REGION — As doctors report an uptick in advanced-stage melanoma diagnoses, Dr. Hugh Greenway, a dermatologic surgeon with Scripps MD Anderson Cancer Center, is ramping up his message of prevention and treatment for Skin Cancer Awareness Month this May.
Since COVID-19, many patients later diagnosed with advanced-stage melanoma, the most serious of skin cancers, weren’t conducting frequent check-ups with healthcare providers.
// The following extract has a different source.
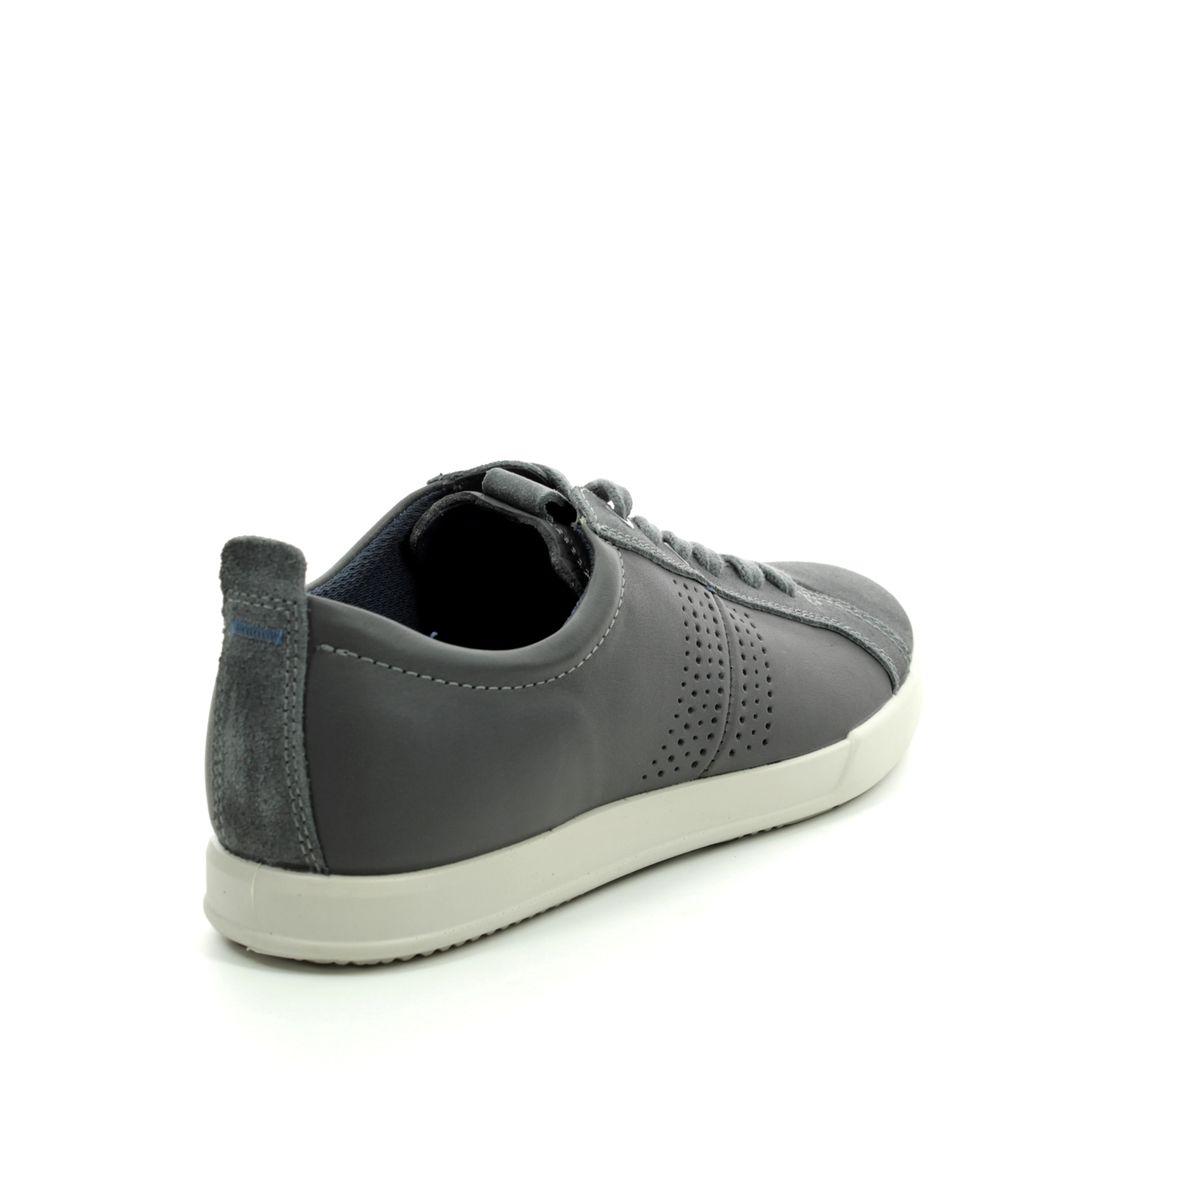 ECCO Collin 2.0 Lace 536204-50869 Grey

“We have had a number of patients who just didn’t go see their doctor and thus didn’t get checked early, so we’re seeing a rebound and an increased incidence of melanoma in many patients,” Greenway said. “Unfortunately, this means there was also an increase in the melanomas that perhaps are a little more advanced because the patient couldn’t be seen for a couple of years for various reasons, including COVID-19. If you’re going to live here in San Diego, I tell all our people that you need to have your skin checked at least once a year, either by your dermatologist or your family physician.”
When getting accessed, Greenway and his team of dermatologists look for the three types of skin cancers in patients when they come into the office.
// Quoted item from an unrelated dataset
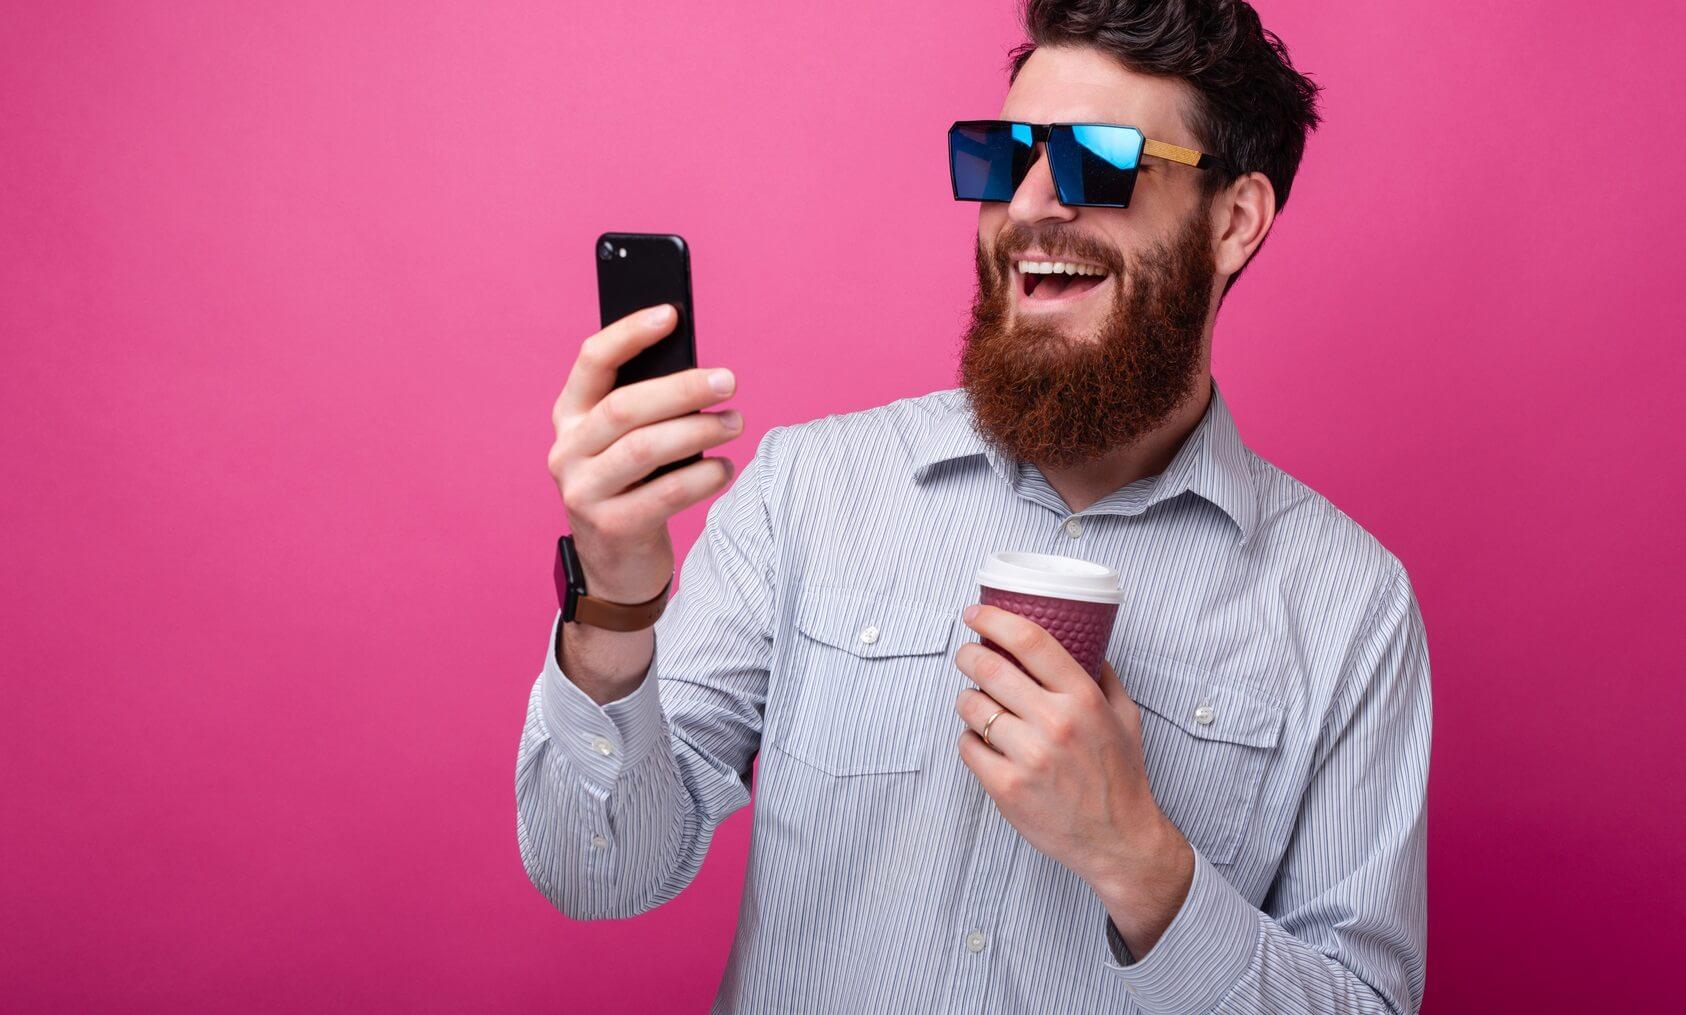 Oasis dating app per iPhone 5 segni che stai uscendo con un sociopatico

“There are three main types of skin cancer: basal cell carcinoma, squamous cell carcinoma, and melanoma,” Greenway said.
Melanoma, the biggest threat to patients’ lives, is closely looked for when getting an exam.
“We pay significant attention to it because melanoma’s the type of skin cancer that can spread and metastasize and can lead to killing people,” Greenway said. “However, if you catch it early, we can easily cure it with surgical excision. We have somewhere between 7,500 to 8,000 people who die of melanoma each year, but we’re doing better in terms of our cure rates and things for advanced melanoma.”
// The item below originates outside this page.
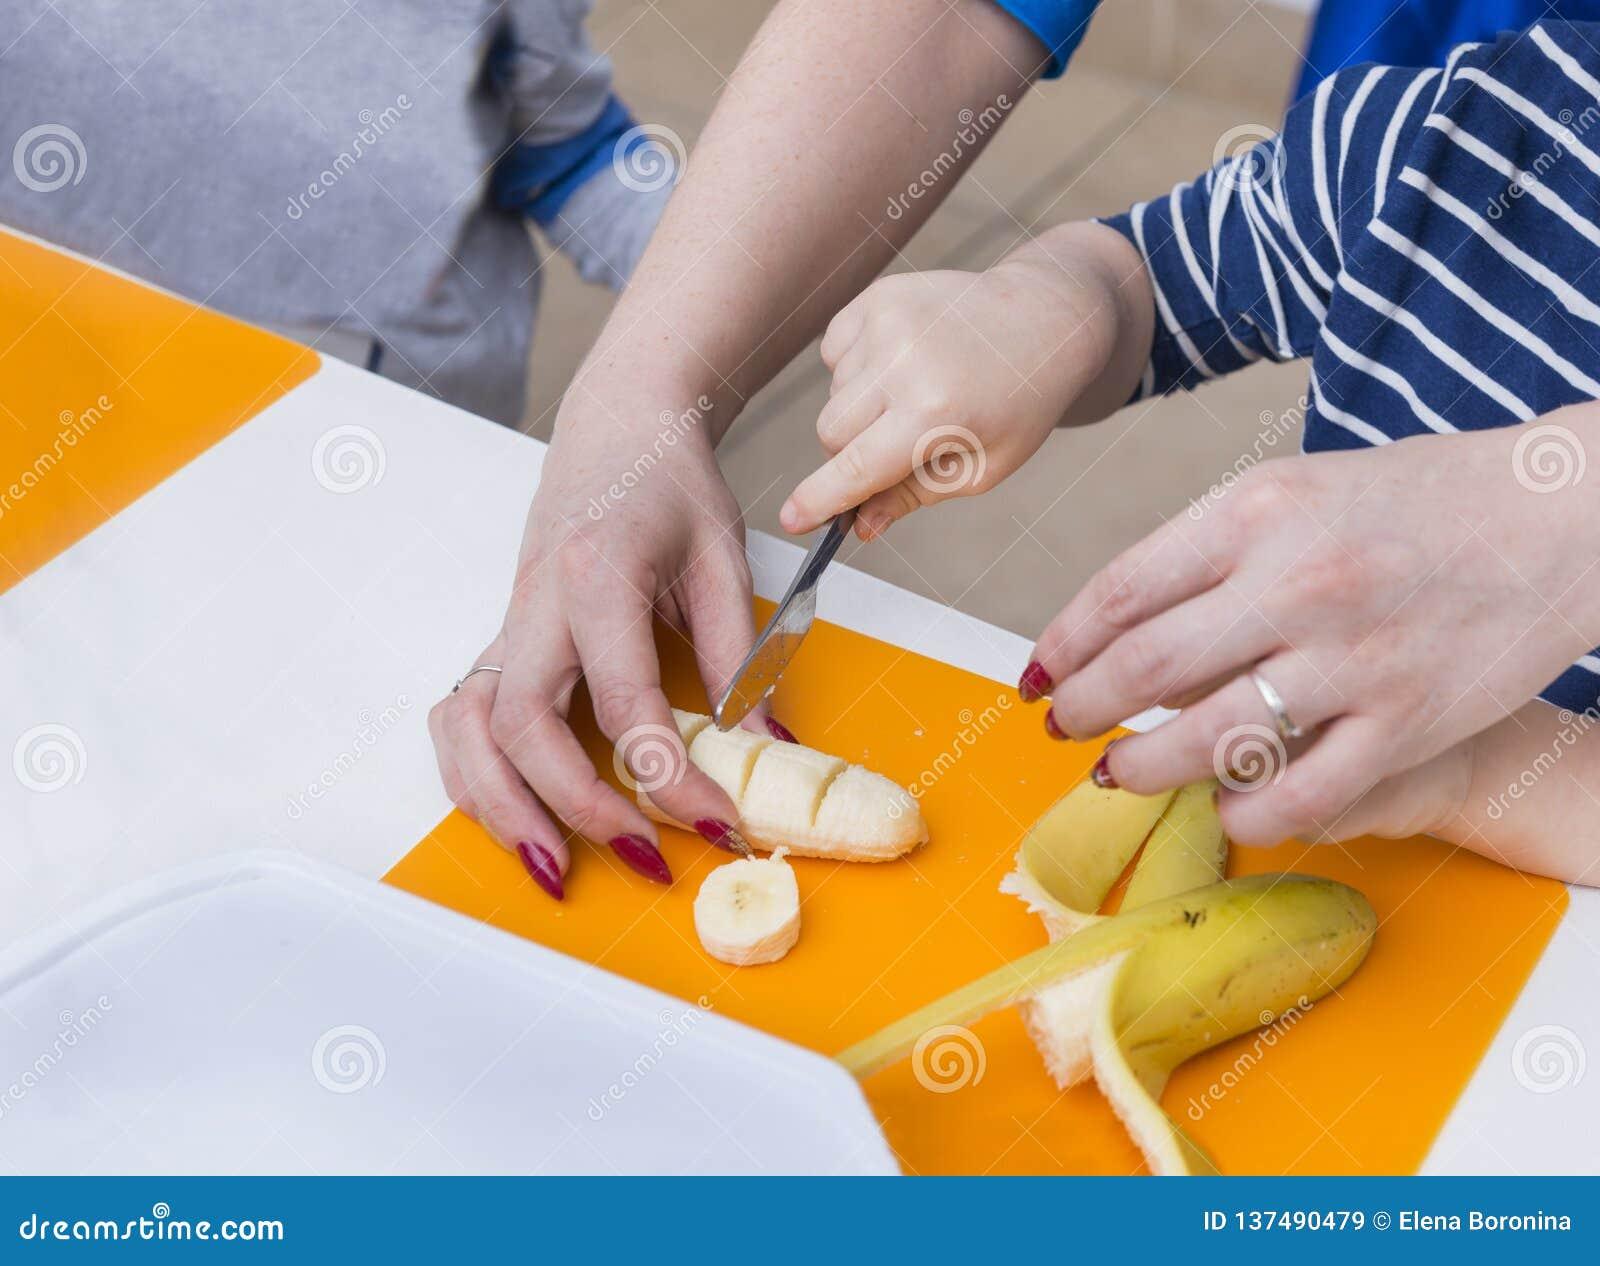 Barns hand med snitt för en kniv en banan, kvinnors händer
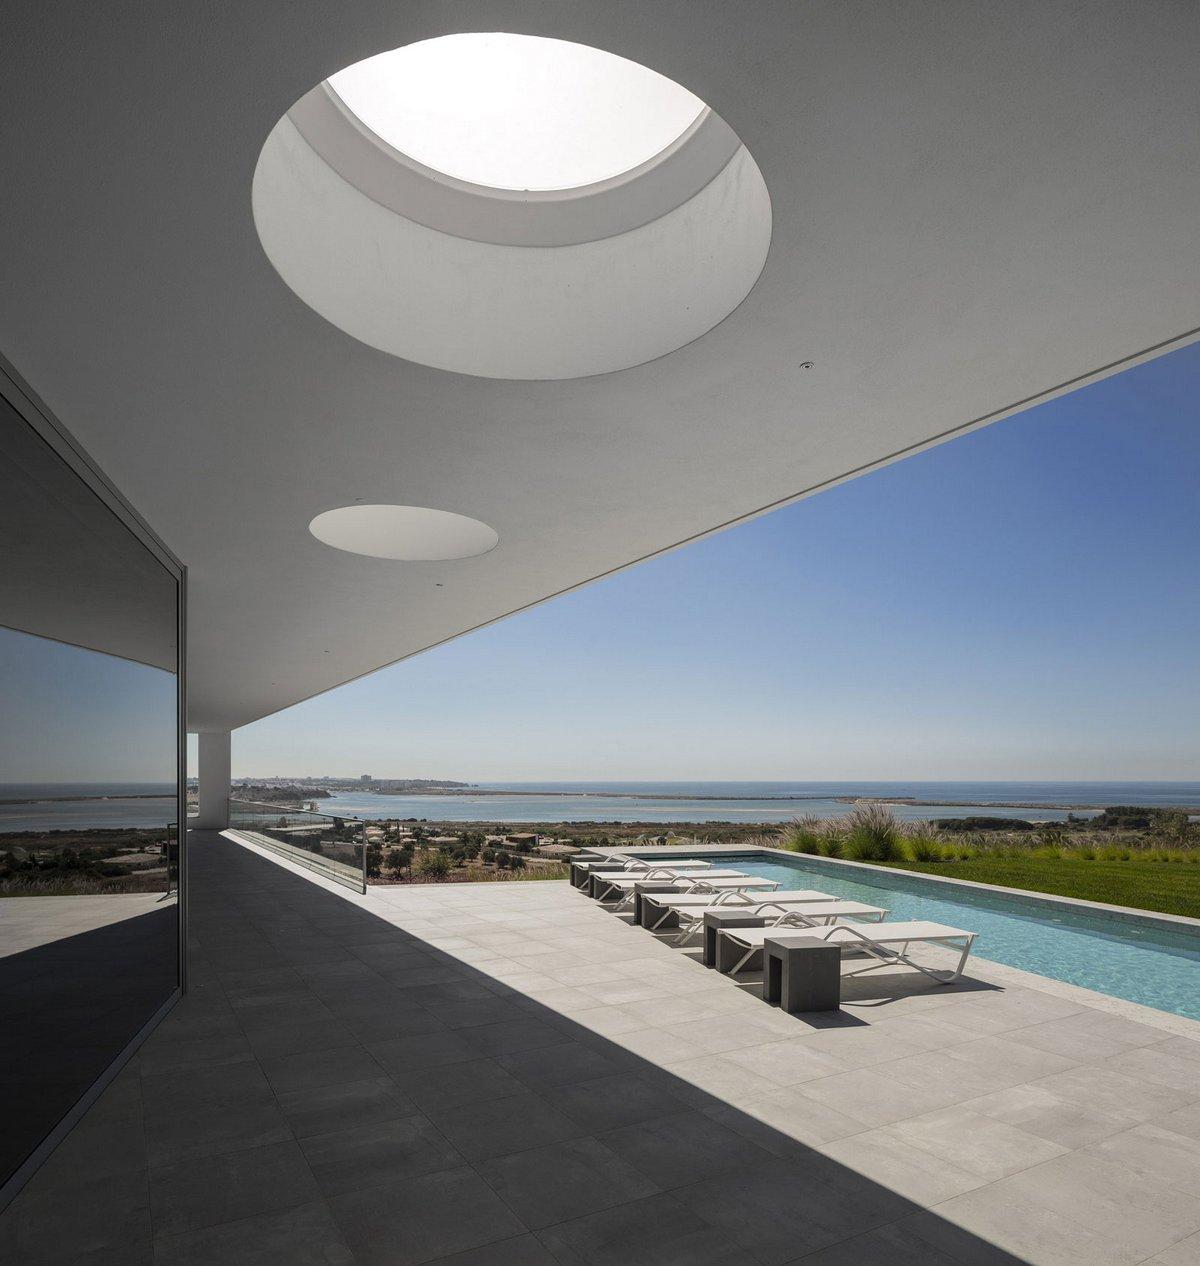 Mario Martins Atelier, Zauia House, обзоры частных домов, обзоры роскошных домов мира, шикарный дом в Португалии, схема дома, одноэтажный дома фото

Several reasons, including genetics, prolonged sun exposure and a history of sunburns, can cause melanoma. Greenway and his office of 25 other dermatologists see around three to four new melanoma cases each week.
When it comes to a treatment plan, catching melanoma in an early stage makes it easier to cure. But if it is further along, immunotherapies are used to combat cancer.
“The mainstay for treatment of melanoma is to remove it surgically, and we do that in my clinic in Scripps. We do a Mohs surgery on some melanomas and a wide excision on others, depending on the case,” Greenway said. “If they’re a little more advanced, then the patient may have their lymph node removed. If the melanoma has spread beyond that, perhaps to the liver, brain, or other organs, we’re much better today in treating advanced melanoma patients with immunotherapies.”
Even with treatment, there is a chance that melanoma may come back in the patient’s lifetime at about a 10% chance once it is removed.
“Now, one out of ten is a fairly low risk, but it’s much higher than that of somebody in the average population who’s never had a melanoma,” Greenway said. “So, if you’ve had a melanoma, we want you to be seen more often. We usually say three months for every three years, then six months for a couple of years, but after that, at least once a year to be checked.”
According to Greenway, there are numerous steps for prevention to avoid getting any of the three types of skin cancer.
“We understand, as doctors, you’re going to be out in the sun. But you need to avoid getting sunburnt, which falls into the area of needing to wear sunscreen,” Greenway said. “You need sunscreen on the exposed skin of at least a UV 30.”
Greenway also recommends scheduling activities when the sun is not at its highest point, either in the morning, later afternoon or night. Wearing a hat and sunglasses while using sunscreen is also an effective tool for added protection against prolonged sun exposure.